In [1]:
import pandas as pd
import numpy as np
import warnings
warnings.filterwarnings("ignore")

import torch

import constant
import tools
import myplot
import features
from models import MLP_Regression, train_model, timeseries_kfold_validation_training, model_evaluation, model_improvement

SyntaxError: invalid syntax (models.py, line 177)

# 1. Load Files

In [2]:
settlement = pd.read_parquet(constant.settlement_2019_path)
dtype = {"GSRN":str,"Parent_GSRN":str,"Turbine_type":str,"BBR_municipal":str,"Placement":str,"grid":str}
windmill = pd.read_csv(constant.windmill_SC_path, dtype=dtype).sample(frac=0.005, random_state=1)
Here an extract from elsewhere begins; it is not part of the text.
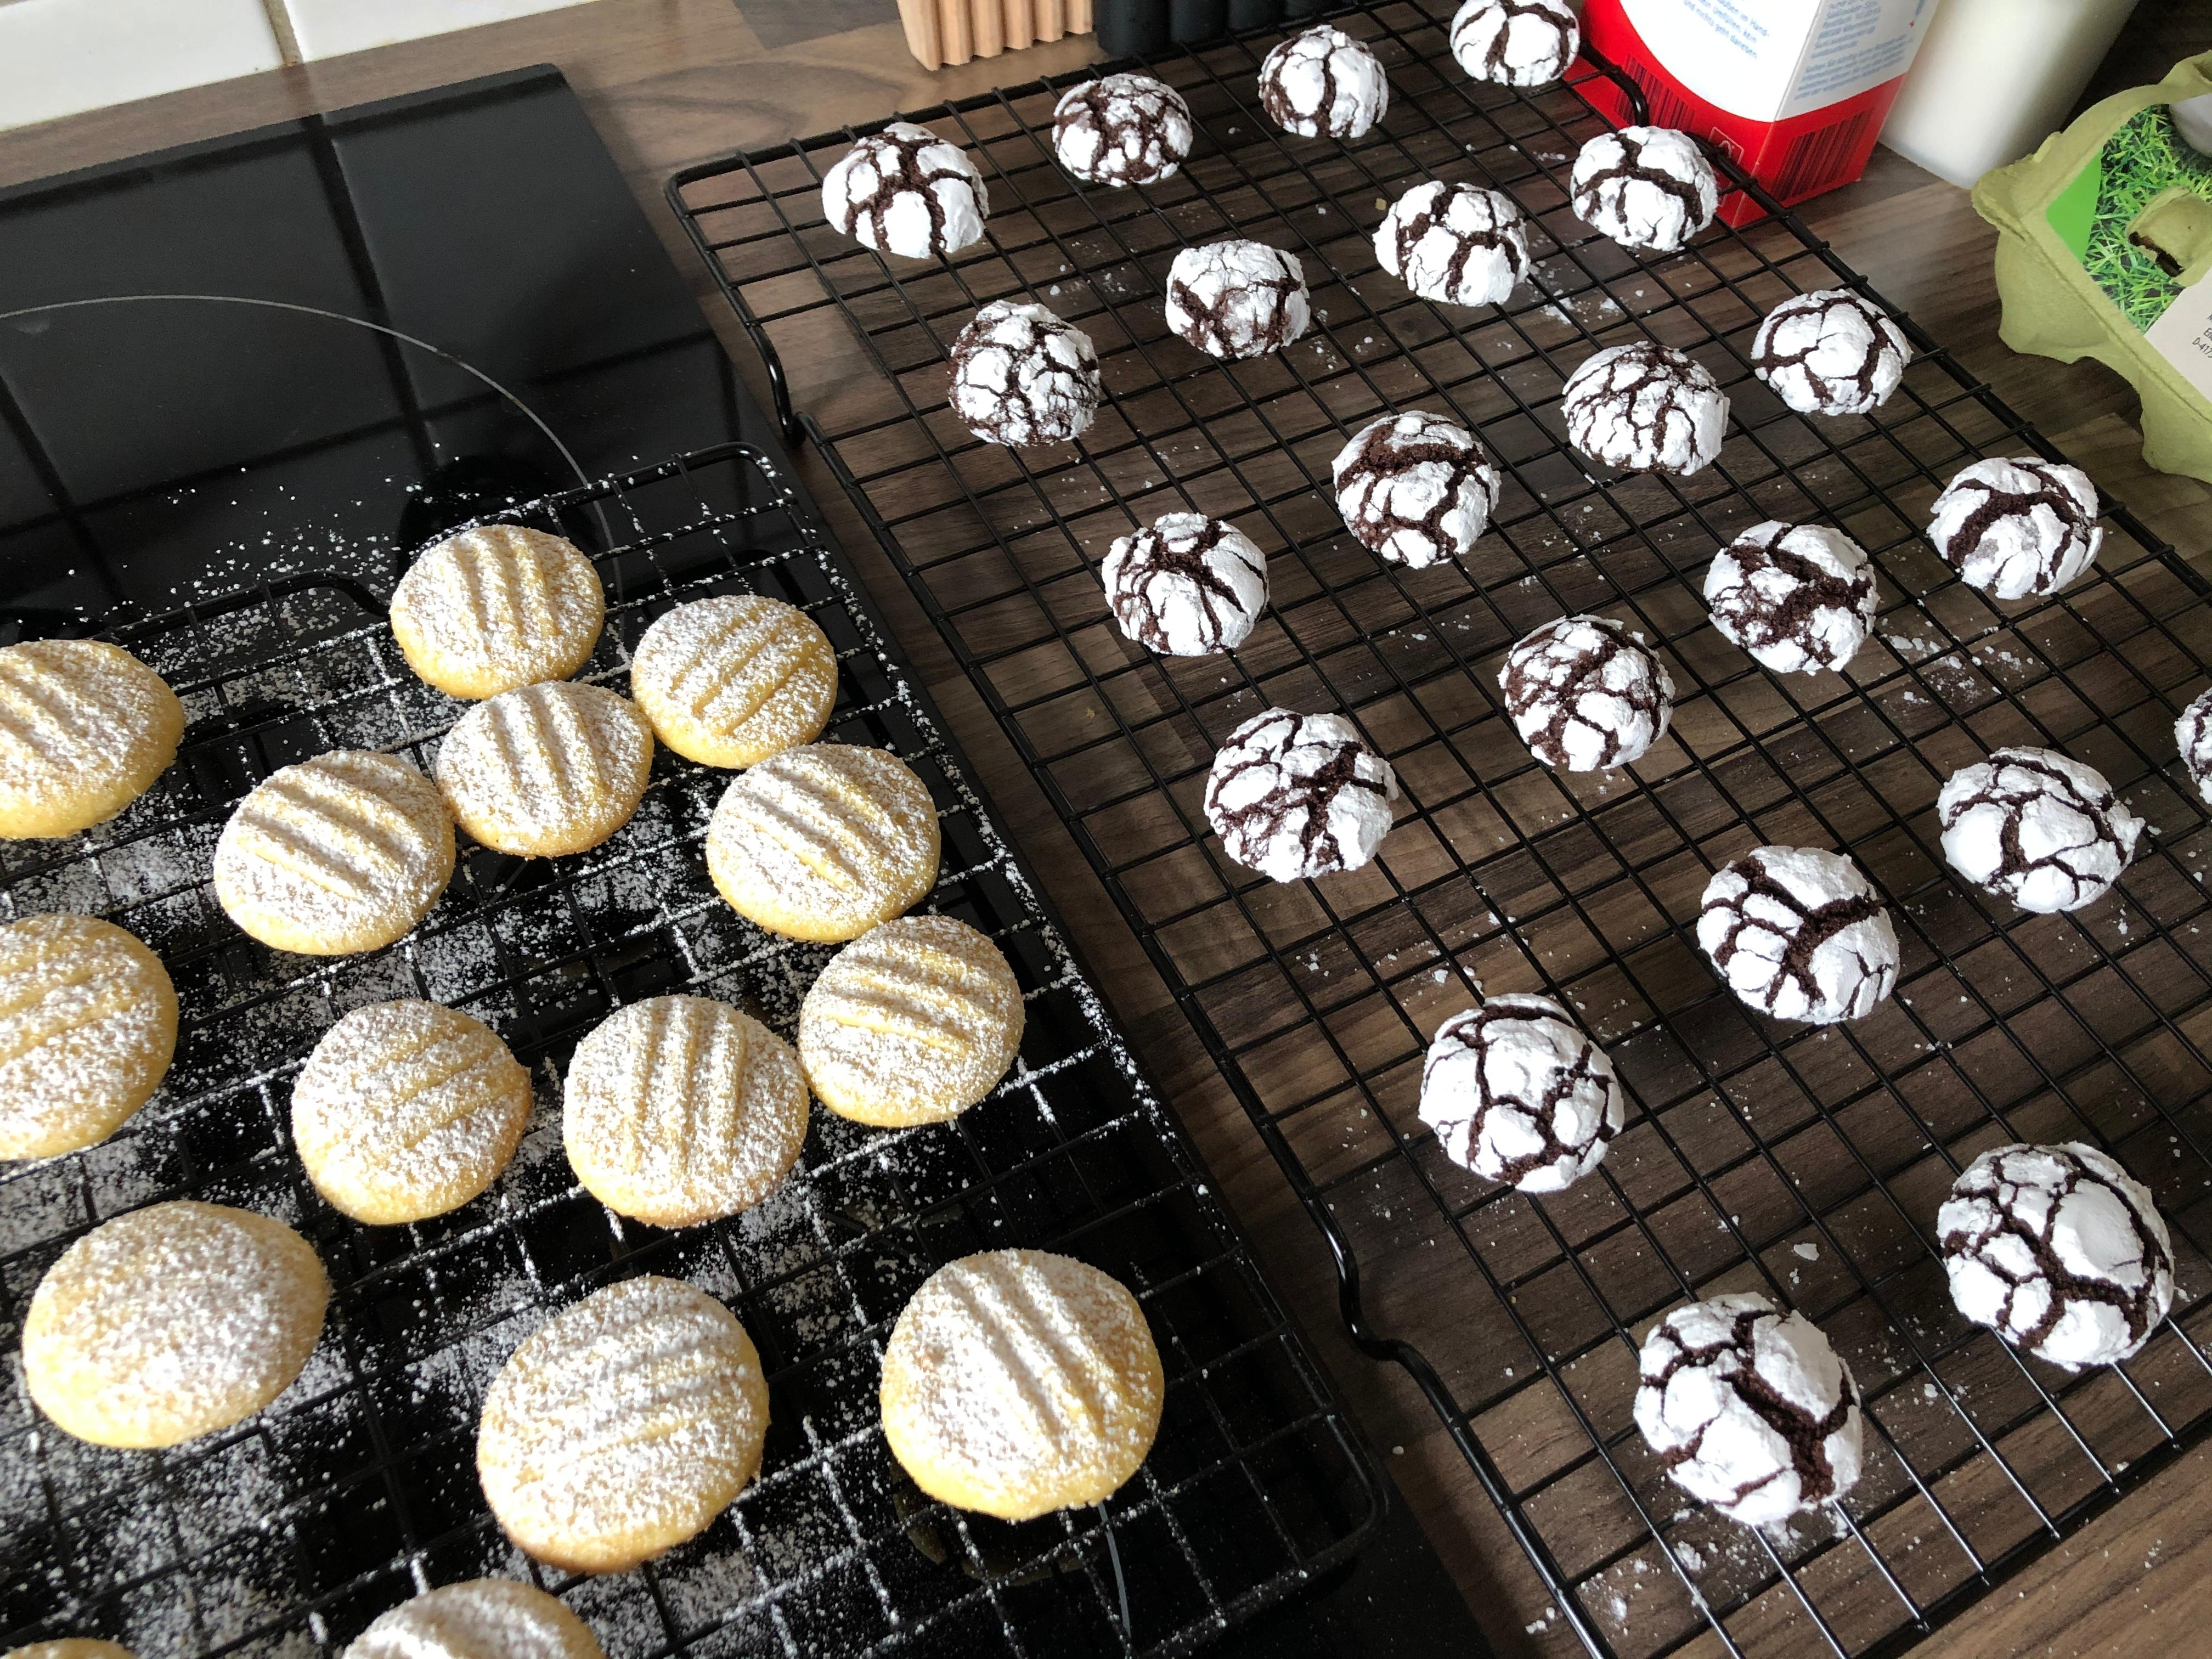 Die Geheimzutat ist immer Liebe. #cookies #baking #weihnachten

wu10 = pd.read_parquet(constant.wu10_path)
wv10 = pd.read_parquet(constant.wv10_path)
wu100 = pd.read_parquet(constant.wu100_path)
wv100 = pd.read_parquet(constant.wv100_path)

tmp2 = pd.read_parquet(constant.tmp2_path)
tmp100 = pd.read_parquet(constant.tmp100_path)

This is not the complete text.